Transformers learning to learn (meta-learning): https://openreview.net/forum?id=t6tA-KB4dO


Not quite. This is a technique for generating new training data by inserting API calls in existing sentences, and filtering out API calls that don't help the network predict the complete sentence.

An example from the paper:

The training data includes the sentence: "Pittsburgh is also known as the Steel City."

They generate candidates including:

Pittsburgh is also known as [QA(What other name is Pittsburgh known by? → Steel City)] the Steel City.

Pittsburgh is also known as [QA(Which country is Pittsburgh in? → United States)] the Steel City.

Then they add the first sentence to the training data because its response is useful, and ignore the second because its response is not useful.

That allows them to generate enough training data with API calls to train a network that uses API calls when responding to future requests.


This is what Wolfram asked for, but he wanted a monopoly on the "tools" https://writings.stephenwolfram.com/2023/01/wolframalpha-as-...


He got his wishes granted (but not the monopoly), there is an tool to call Wolfram Alpha in langchain's agents:

https://colab.research.google.com/drive/1AAyEdTz-Z6ShKvewbt1...


I was waiting for a proof of concept like this! IMHO the next-wave of GPT-3 productization will involve mapping problem and solution domains to a text-based intermediary format so that GPT-3's generalization abilities can be applied to these problems.


Can you give an example of what you’re thinking about?


Have they try modeling around reward system? The basis of intelligence of living things are what's required in order to survive. There has to be some ways to punish the models with some kind of death equivalent.


For people wanting to play with that: this is very close to langchain's agents system (their documentation has a very impressive demo using both a calculator and Google searches as tools available to a language model).
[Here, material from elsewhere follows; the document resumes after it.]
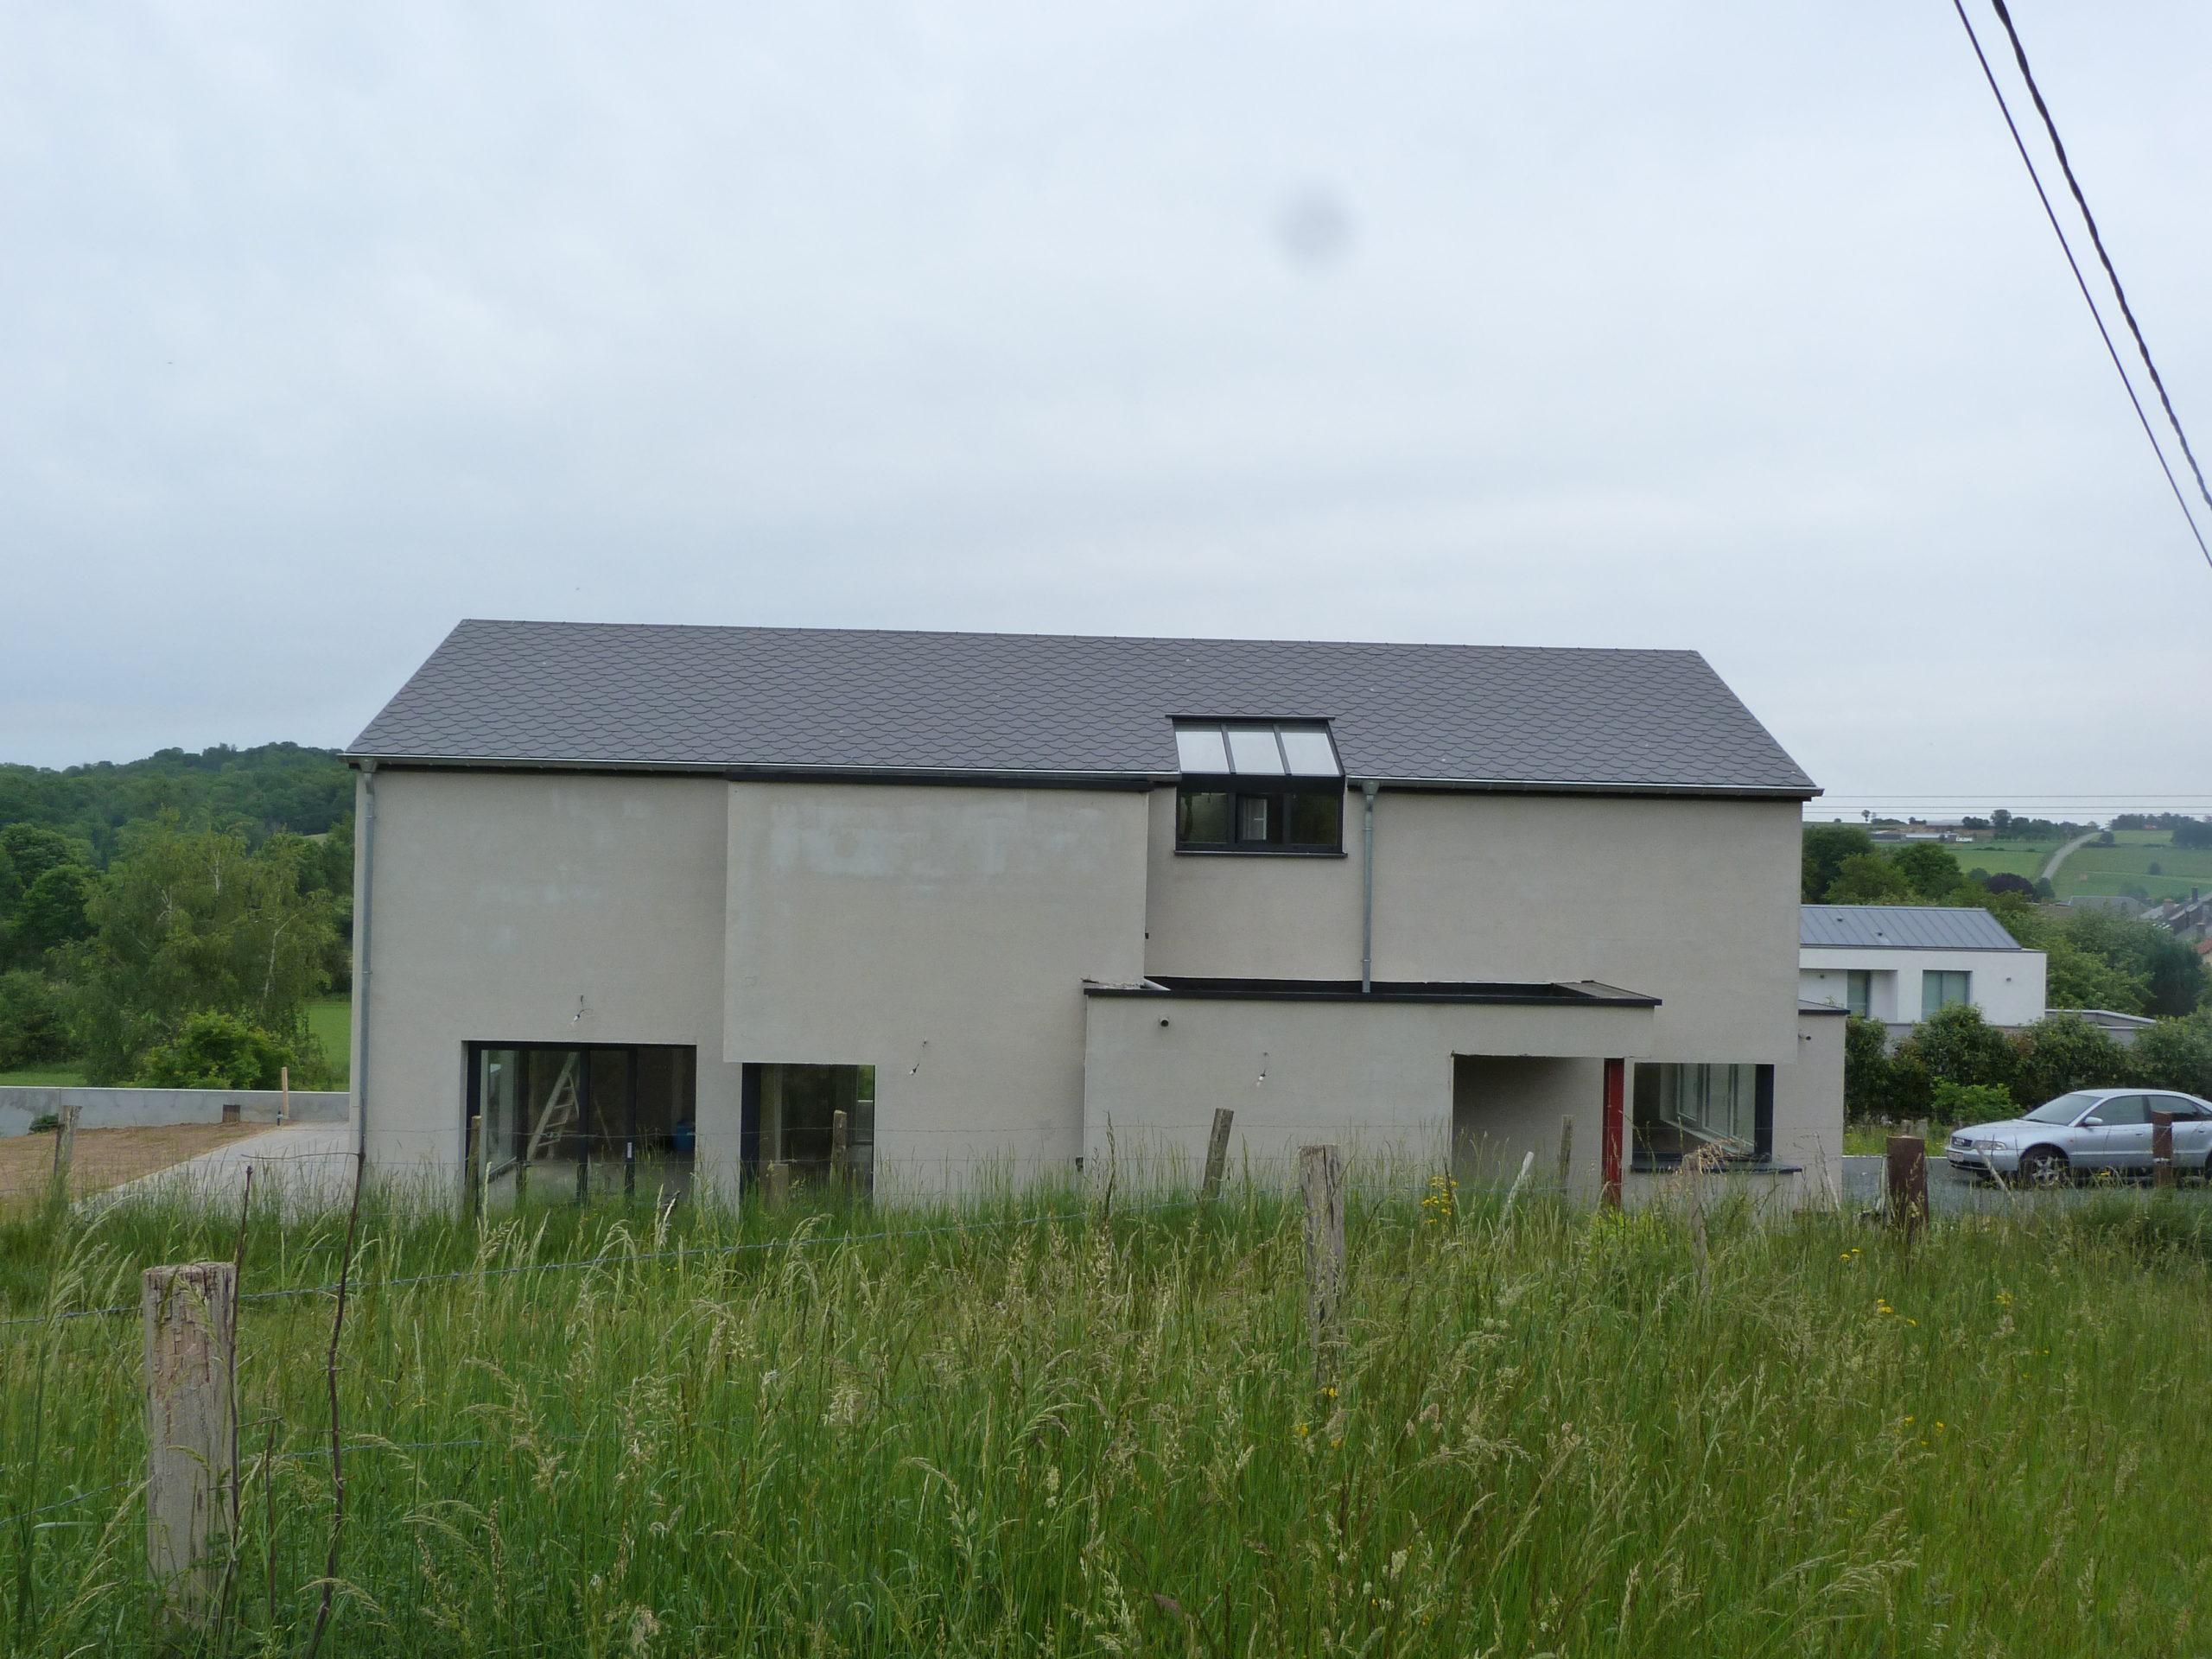 Maison 4 façades à Gomery 4 scaled
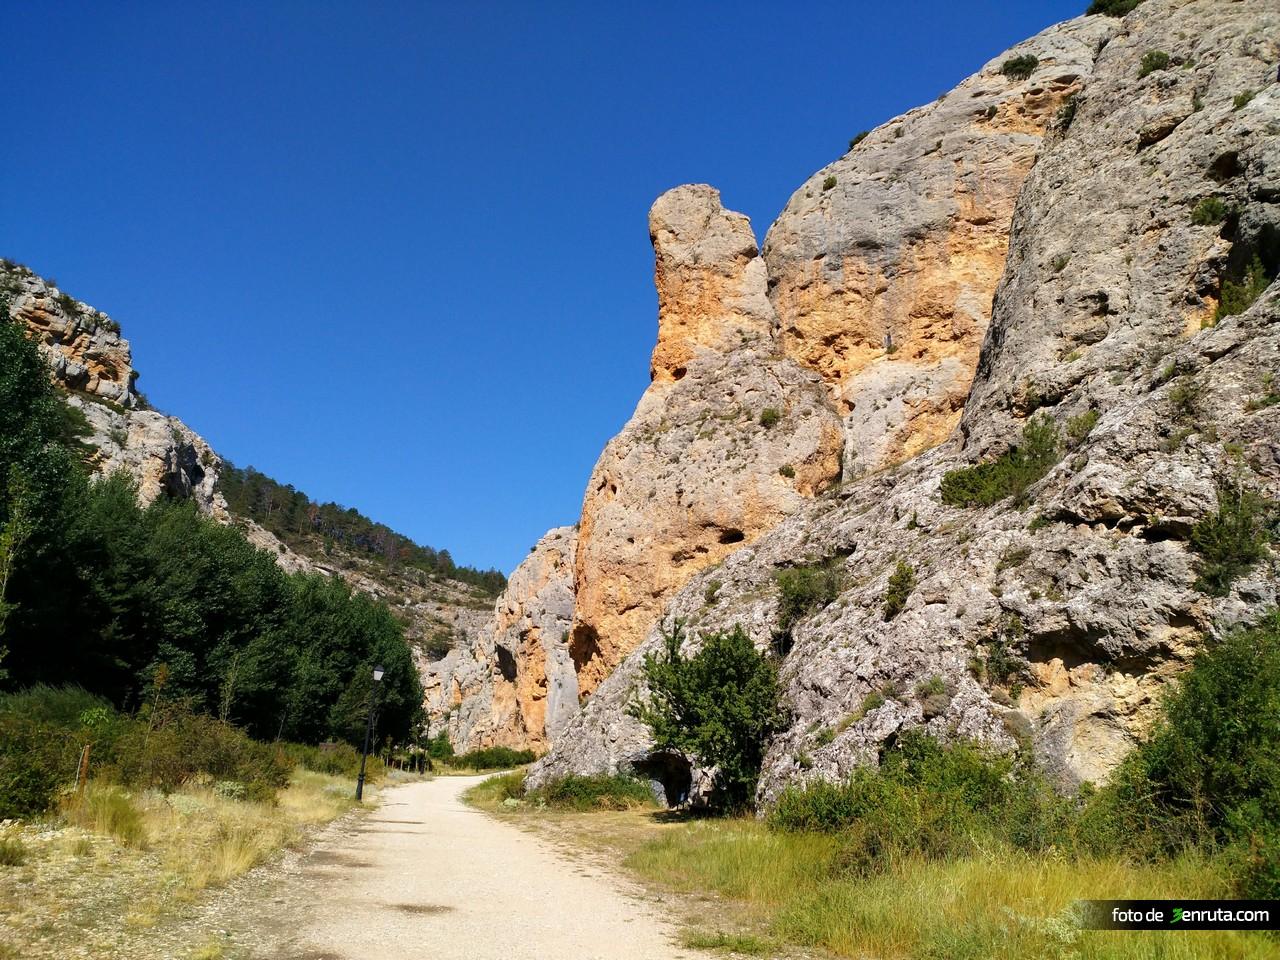 Inicio de la ruta del Barranco de la Hoz

Here is the aforementioned example from their documentation, answering "Who is Olivia Wilde's boyfriend? What is his current age raised to the 0.23 power?" accurately:

https://langchain.readthedocs.io/en/latest/modules/agents/ge...


it's so beautiful


If you are shocked about how much trust the tic toc generation yields to data horders, wait until you see them giving AI full access to their computer.


The next step is to get the model to evaluate its own failure modes, decide on a fix, write the code for it itself (calculator, datetime operations, external APIs that it knows of, or any other code for returning or transforming text) and then have the tool evaluate and learn to use the tools it's written for itself.

A language model that could successfully bootstrap itself into using a web browser would be a dangerous thing.


Fantastic!

FWIW, ChatGPT as-is is good enough to know which (of a given set) of "tools" to use. I've had great fun doing prompt engineering: first asking it to pick which of a set of functions might be necessary to solve a problem, second prepending the list of selected functions and asking it to generate code.


I really like that they use GPT-J for this - significantly less weights than GPT and open source!


Is it possible to teach GPT3 to do something like this through prompts? Like, responding with an API call to get information when it doesn't have enough?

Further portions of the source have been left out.